Parallel Chess AI Engine

Summary

Our project focuses on the development of a parallel chess AI, leveraging the power of C++ and the OpenMP framework to accelerate the decision-making process in chess. The core objective is to significantly reduce the time required for move selection by distributing computations across multiple threads.

URLs

Proposal

Milestone Report

Final Report

Code Repository

Background

If we want a chess engine to evaluate the best move by looking 3 or 4 moves deeper into the future, the number of possible board states grows exponentially as the depth increases. The heart of our chess AI lies in its ability to explore a vast array of potential moves and their resulting positions, a task managed by the combination of the minimax algorithm and alpha-beta pruning techniques. The minimax algorithm serves as the foundation, guiding the AI in simulating moves and counter-moves to deduce the most advantageous path. Alpha-beta pruning further refines this process, eliminating less promising branches early on, thereby reducing the computational load and focusing resources on more critical analyses.

The main opportunity for parallelism is in the search for the best move. The game tree, representing potential moves and their outcomes, is inherently expansive. Our approach involves dissecting this tree into multiple branches at the root level, each assigned to a separate thread for exploration. This division allows simultaneous traversal of different parts of the game tree, significantly enhancing the breadth and depth of the search within the same computational time frame. By parallelizing the search, we dramatically increase the number of positions analyzed within a given time, directly contributing to more strategic and informed decision-making by the AI. This can significantly reduce the time needed to make an informed decision. It can also allow the chess AI to look farther into the future in the same amount of time compared to a sequential version, allowing it to choose better moves.

Upon reaching leaf nodes or positions requiring evaluation, the computation of heuristic values for these positions presents another opportunity for parallelism. Given that each position's evaluation is independent, we can allocate subsets of these positions to different threads, thereby accelerating the cumulative assessment process.

The Challenge

Parallelizing a chess AI poses several challenges that stem from both the nature of the game and the intricacies of parallel computing.

One challenge is that the minimax algorithm with alpha-beta pruning relies on a tree structure where each node (board position) depends on the evaluation of its child nodes.
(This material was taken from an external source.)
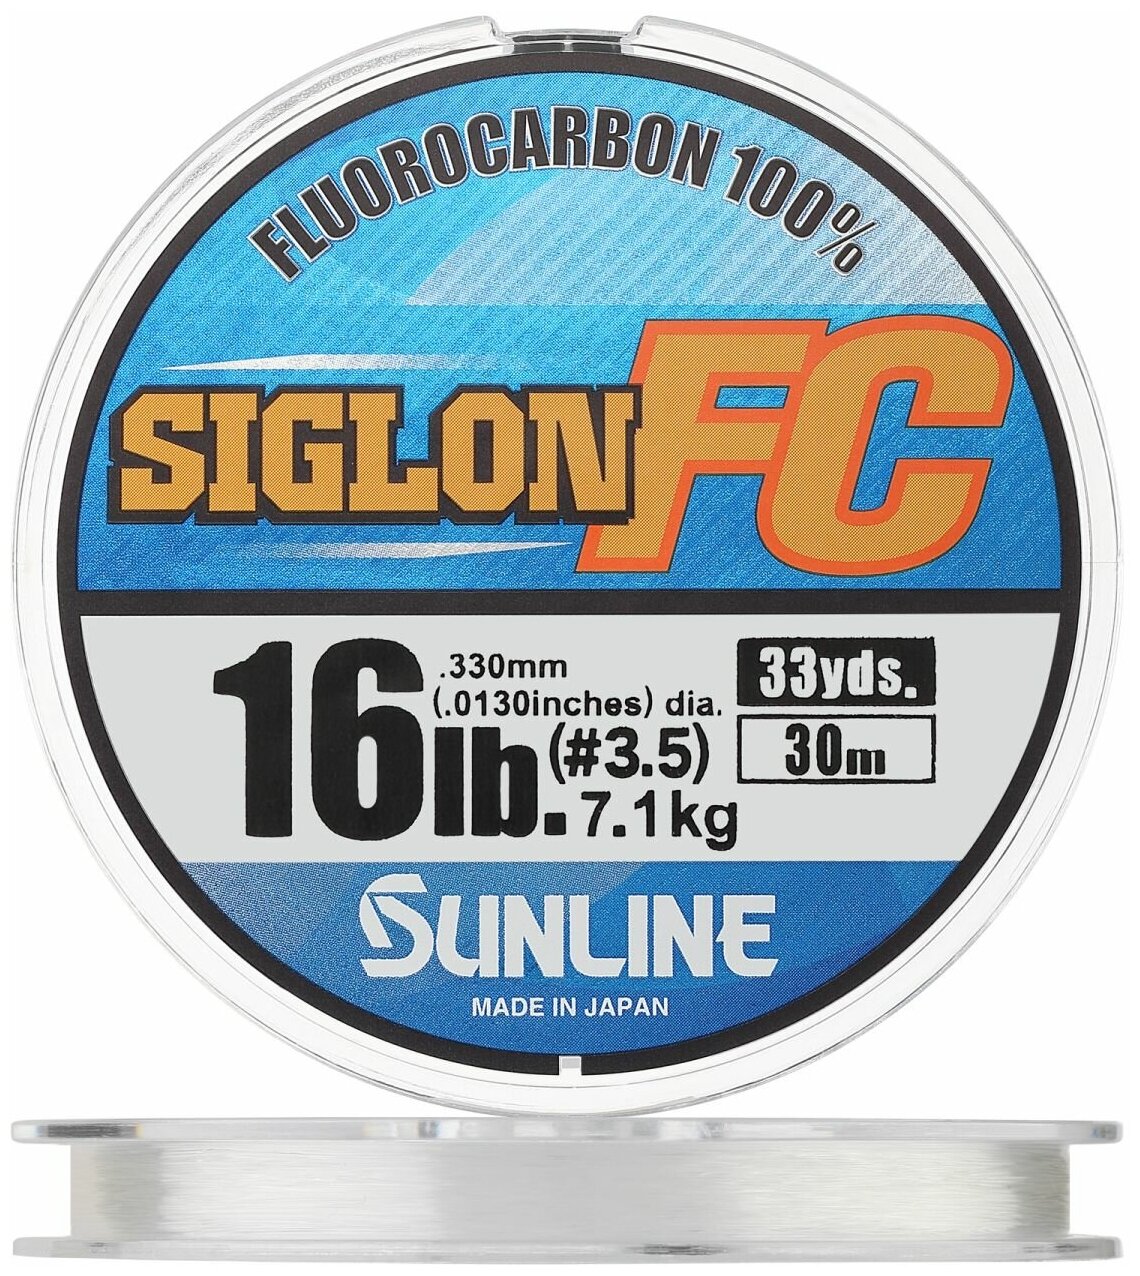 Флюорокарбоновая леска Sunline SIGLON FC 2020

This inherent dependency complicates parallelization because the value of a parent node cannot be determined until all its children are evaluated, introducing synchronization points that can limit parallel efficiency. Furthermore, different branches of the game tree can have vastly different complexities and depths, leading to divergent execution paths among parallel threads. Some threads might quickly reach a pruning point or a shallow depth, while others might need to explore deeper, more complex branches, resulting in workload imbalance. This leads to challenges with mapping the workload effectively so that threads have similar amounts of work.

Chess AI involves frequent access to the game state, move history, and potentially transposition tables, which is caching of previously evaluated positions. Ensuring memory locality can be challenging but crucial for performance, especially given the potential for a high volume of random memory accesses. The need for threads to synchronize at various points, especially when using alpha-beta pruning, can lead to a high communication-to-computation ratio. Efficiently managing this ratio is critical to ensuring that the overhead of communication does not outweigh the benefits of parallel computation.

Resources

We will be building our chess AI system from scratch. We plan on using the ghc cluster machines, using varying numbers of cores to test our system. One resource we will use the wikipedia page about alpha-beta pruning. We may also want to use machines with thread counts higher than 8 like the PSC machines in order to have a better understanding of how well the parallelism works.

Goals and Deliverables

Plan to Achieve:

If work goes more slowly, we aim to still have a correct parallel chess AI that can achieve at least 2x speedup.

Hope to Achieve:

Demo Plan for Poster Session:

Analysis Goals:

Platform Choice

C++ offers high-performance computing capabilities important for the intensive calculations of a chess AI. OpenMP works well for our project since we can use it to distribute branches to different cores.